This section volition highlight 2 use-cases to demonstrate the use of various find_elements_by methods. Near often we want to scrape data from tables or article text. The ii demos therefore cover these employ-cases.

Scrape tables

Allow'southward examine this dynamic table webpage. This page uses JavaScript to write a table to a <div> element of the page. If we were to scrape this page'south table using traditional methods, we'd just get the loading page, without actually getting the data that we want. Suppose that we want to scrape all cells of this table. The first matter we demand to do is to complete the physical setup steps, as detailed in section 4.i. Nosotros then proceed to load the instance page in our program equally shown beneath. We go through this loading procedure together once more then that yous are going to be used to it.
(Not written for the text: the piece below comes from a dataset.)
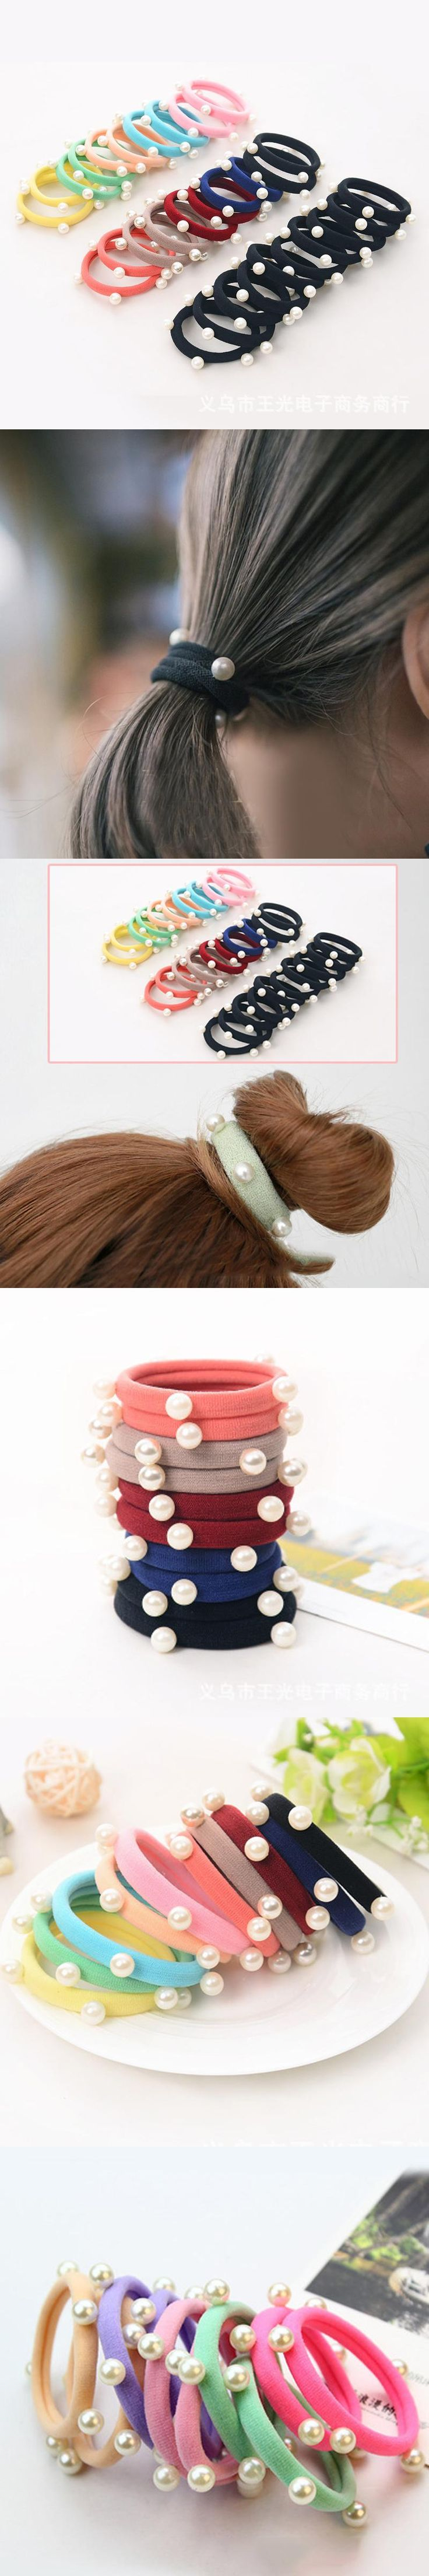 10Pcs Sweet Hair Accessories For Women Girls Retro Ponytail Holder Pearl Stretch Elastic Hair Band Hairband Hair Rope Headwear
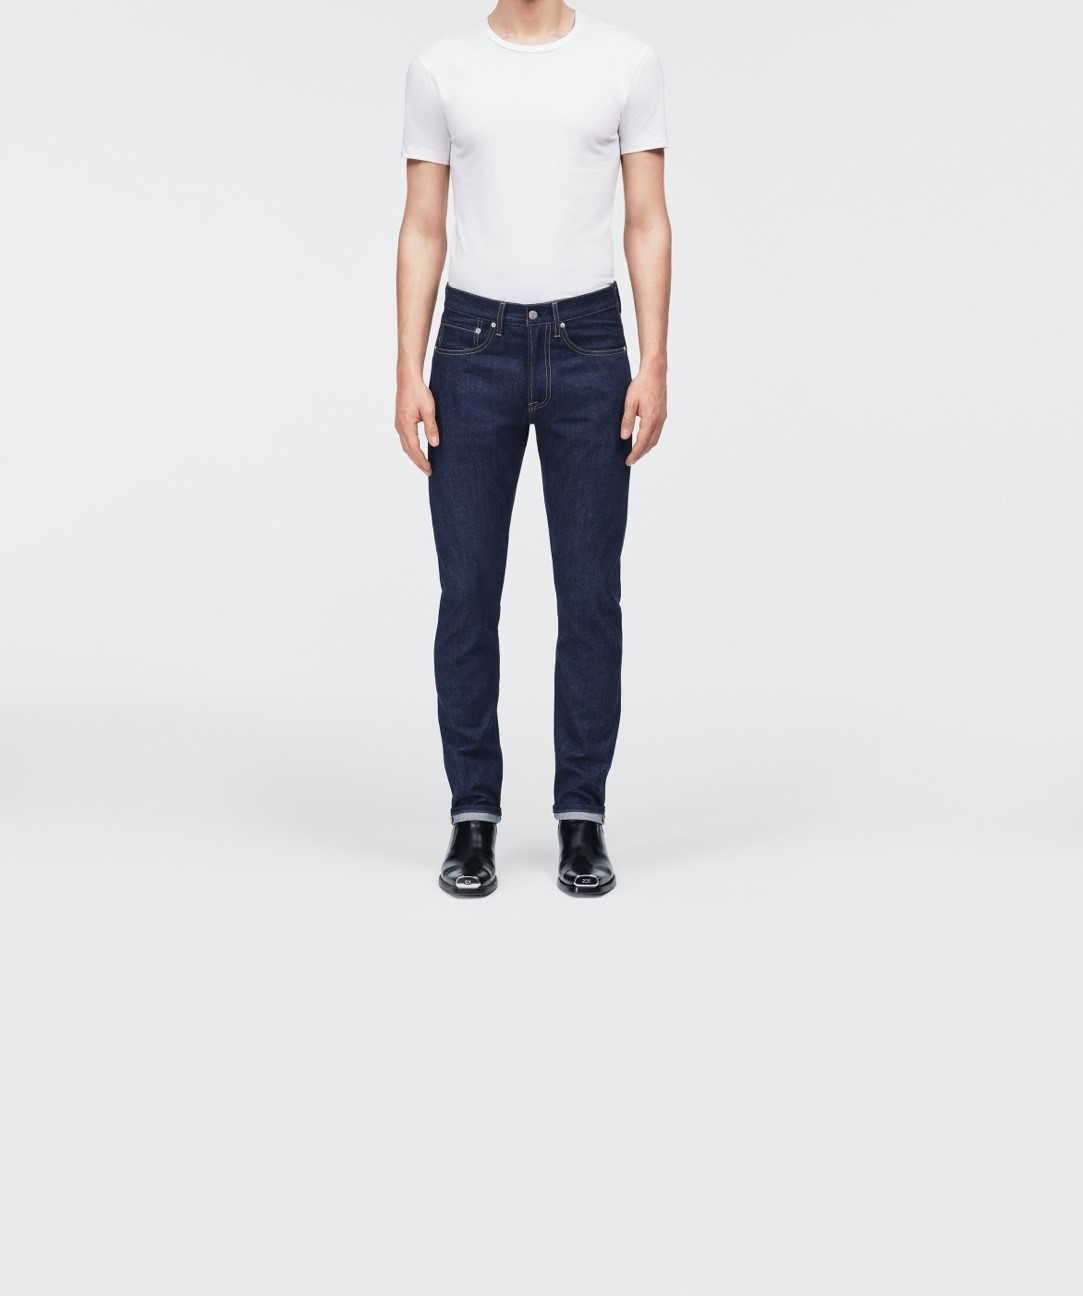 calvin klein jeans - taper 1 - elle man

                                                      from                    selenium                    import                    webdriver                                      import                    time                                    driver                    =                    webdriver.Chrome('YOUR_PATH_TO_chromedriver.exe_FILE')                  table_url                    =                    "https://iqssdss2020.pythonanywhere.com/tutorial/default/dynamic"                                    driver.become(table_url)                  fourth dimension.sleep(two)                              

Nosotros need to enforce our program to pause for some time, in this instance 2 seconds, after the get() function instead of immediately executing the next command considering we demand to ensure that the webpage has been fully downloaded before executing the adjacent command in the plan.

Earlier we really start, we have to think about how to shop the scraped information in a squeamish format, like a .csv file. We can utilise the Python file performance methods to accomplish this. Here's an implementation of creating a file object to write information to:

                                                      file                    =                    open up('C:                    \\                    Users                    \\                    JLiu                    \\                    Desktop                    \\                    Web_Tutorial                    \\                    table.csv',                    "w", encoding                    =                    "utf-8")                              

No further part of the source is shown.